Comments Off on Healthy Strong Skeleton

Healthy Strong Skeleton

Category : Active Living, Healthy Eating

Do you have a healthy strong skeleton?

If you are a woman, you have a 50/50 chance of suffering a fracture related to osteoporosis according to the National Institutes of Health. As for men, one in eight are expected to fracture a bone due to this disease. Osteoporosis affects women more than men because women have less bone mass and begin to lose bone at a younger age.

Are you at risk for osteoporosis?

Some risks are beyond your control such as being female, post-menopausal & Caucasian. Women can lose 20 percent of their bone density during the 5-7 years following menopause. Beginning at menopause women should have their bone density checked every two years.

Men in their fifties do not experience the rapid loss of bone mass that women do, however, by age 65 or 70, men and women lose bone mass at the same rate. Whether you are a man or woman your lifestyle is very important to your skeleton’s health. You can reduce your risk with appropriate exercise and diet; not to mention smoking cessation.

Exercise for a healthy strong skeleton

The muscles and tendons attached to the bones pull on them stimulating them to produce more bone cells. The best exercises for prevention of osteoporosis are those described as “weight-bearing”: walking, running, aerobic dance and weight training. In fact, “high-impact” exercises such as running and jumping are very beneficial if you are fit enough to do these activities without injuring yourself. Non-impact exercise such as biking and swimming will not help with bone density. Keep in mind that only the bones being stressed will get stronger, so performing an exercise such as running will strengthen the bones in your lower body, however your upper body will still require some attention.

skeleton-walking

What if you already have been diagnosed with osteoporosis?

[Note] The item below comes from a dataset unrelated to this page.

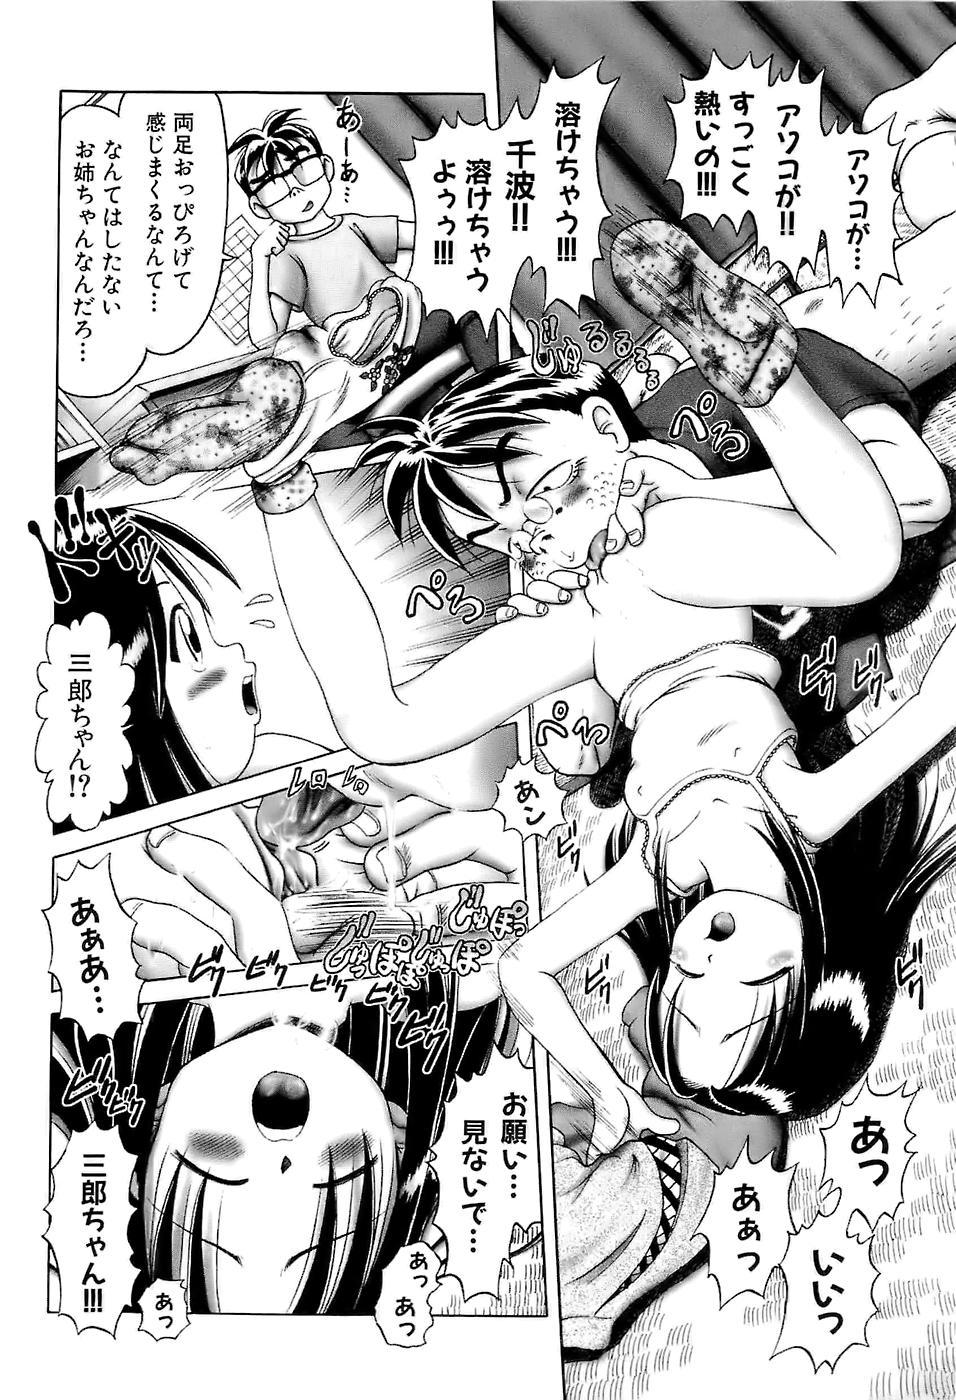 [Bow Rei] Osanai Kajitsu -Inkou Shougakusei no Houkago- Jou 27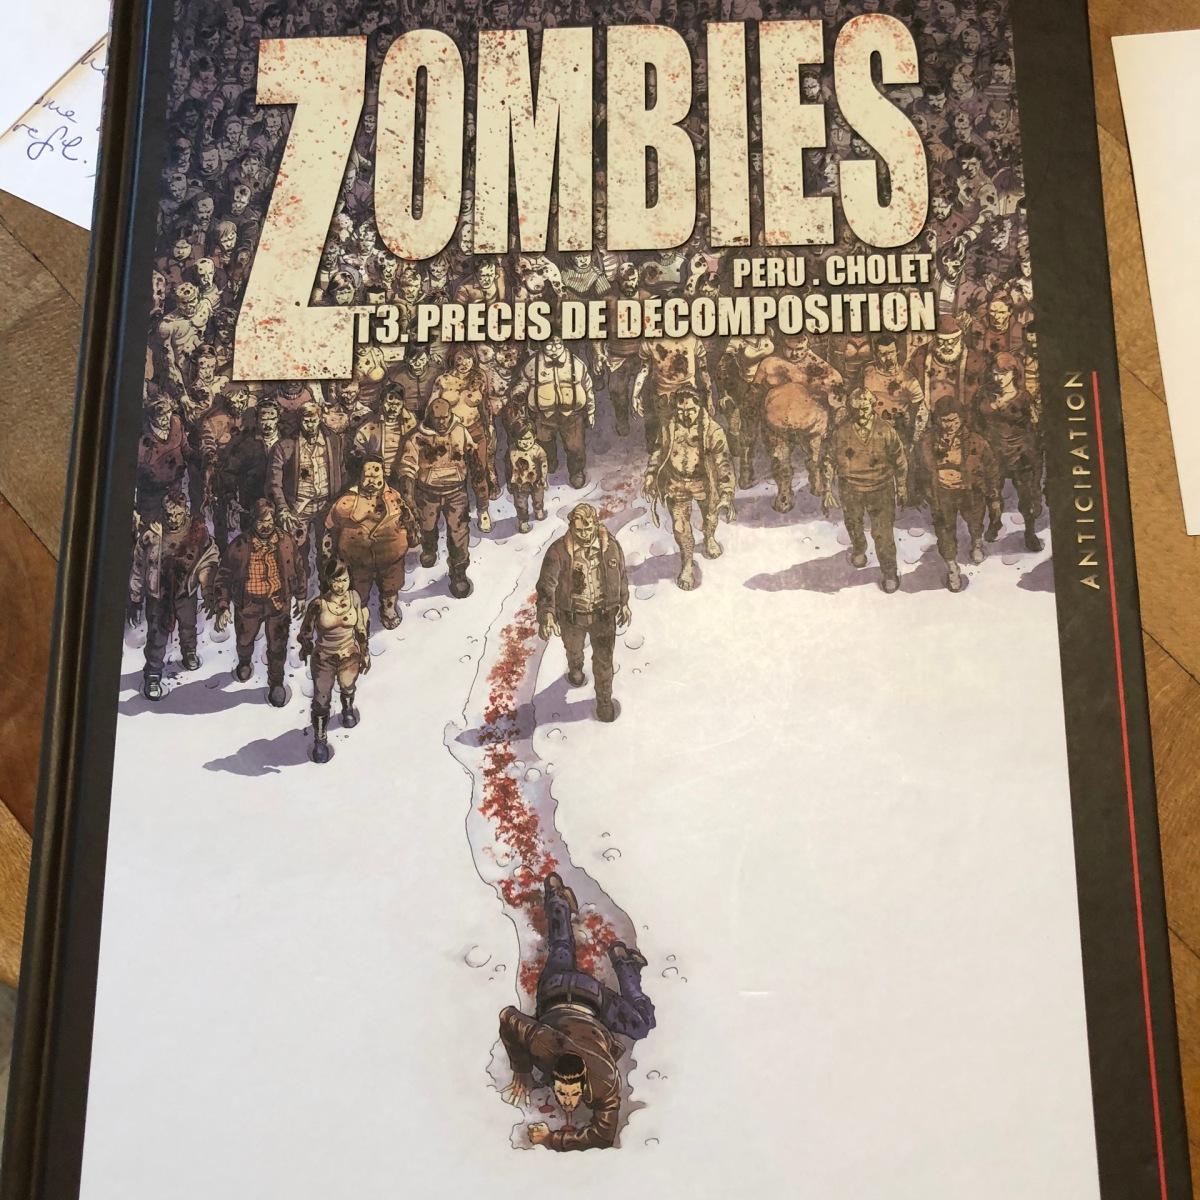 Matching Game III: Zombies and visarenewals

Many people are afraid to exercise once they have been diagnosed with osteoporosis because they are concerned that exercise may cause a fracture. However, exercise can be very beneficial even after diagnosis. MayoClinic.com recommends three kinds of exercise: 1) strength training to improve your posture; 2) low-impact aerobic exercises such as walking, elliptical trainer and step aerobics; and 3) flexibility exercises to improve your posture and balance. Those with osteoporosis should avoid high-impact exercises (such as jumping or running) as well as exercises which require bending forward or twisting at the waist such as touching your toes, using a rowing machine, golf, tennis, bowling and some yoga and Pilates movements. Be sure to get your doctor’s approval before you begin an exercise program.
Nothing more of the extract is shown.